Das «Psychodrama» ist der mediale Höhepunkt des rasanten Autoritätszerfalls des französischen Präsidenten. In der einst lammfrommen Fraktion rumort es gegen die «Expertenrepublik», in der die Volksvertreter nur abnicken, was Sarkozys Berater planen. Parteigrößen wie Altpremier Alain Juppé in Bordeaux verzichten im Wahlkampf auf die UMP-Insignien und bedeuten Sarkozy, er möge sie bloß nicht im Wahlkampf unterstützen. Minister granteln, weil Sarkozy sie wie Schulbuben benoten will und dafür Ziele wie die Zahl der Abschiebungen vorgibt.
Wirtschaftsministerin Christine Lagarde soll sogar mit Rücktritt gedroht haben, weil Sarkozy trotz leerer Kassen den Wählern wieder Wohltaten verspricht. Vergangene Woche haute Sarkozy im Kabinett auf den Tisch: «Nach den Kommunalwahlen werde ich kaltblütig die sich aufdrängenden Entscheidungen fällen.»
Auch die Medien verlieren ihre Scheu vor der Macht. Alle drei Nachrichtenmagazine titeln aktuell mit Sarkozy, und keines positiv. Doch die Zornesröte trieb dem Präsidenten «nouvelobs.com» ins Gesicht.
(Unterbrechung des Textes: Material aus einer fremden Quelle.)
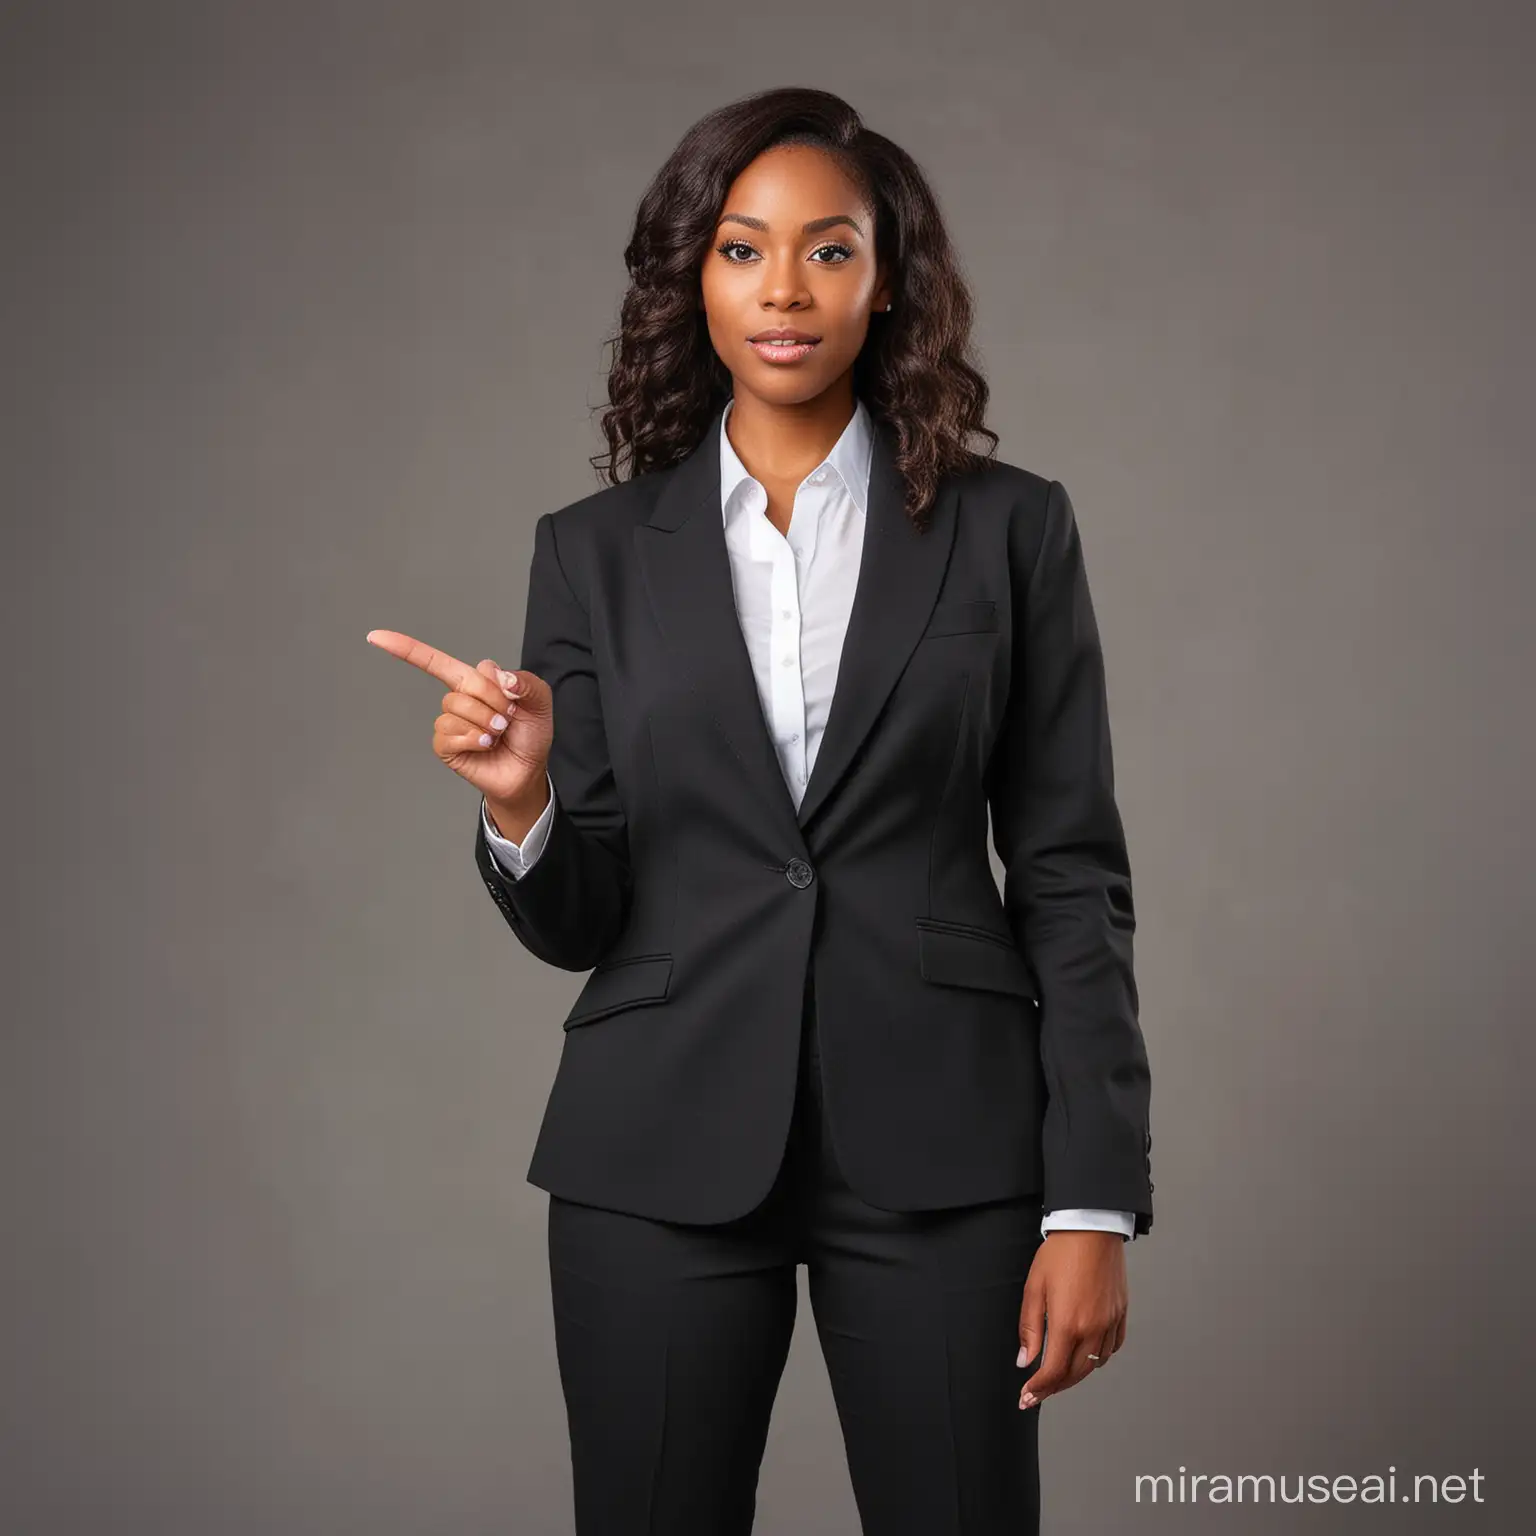 Professional Black Businesswoman Pointing in Formal Attire

Das Internet-Magazin veröffentlichte eine SMS, die angeblich Sarkozy eine Woche vor seiner Hochzeit mit der Sängerin Carla Bruni an seine «Ex» Cécilia geschickt haben soll. «Wenn Du zurückkommst, annulliere ich alles.» Sarkozy klagt gegen die «Fälschung», doch der verantwortliche Journalist beharrt auf seiner Information. «Es ist Zeit für einen Waffenstillstand», fleht UMP-Fraktionschef Jean- François Copé.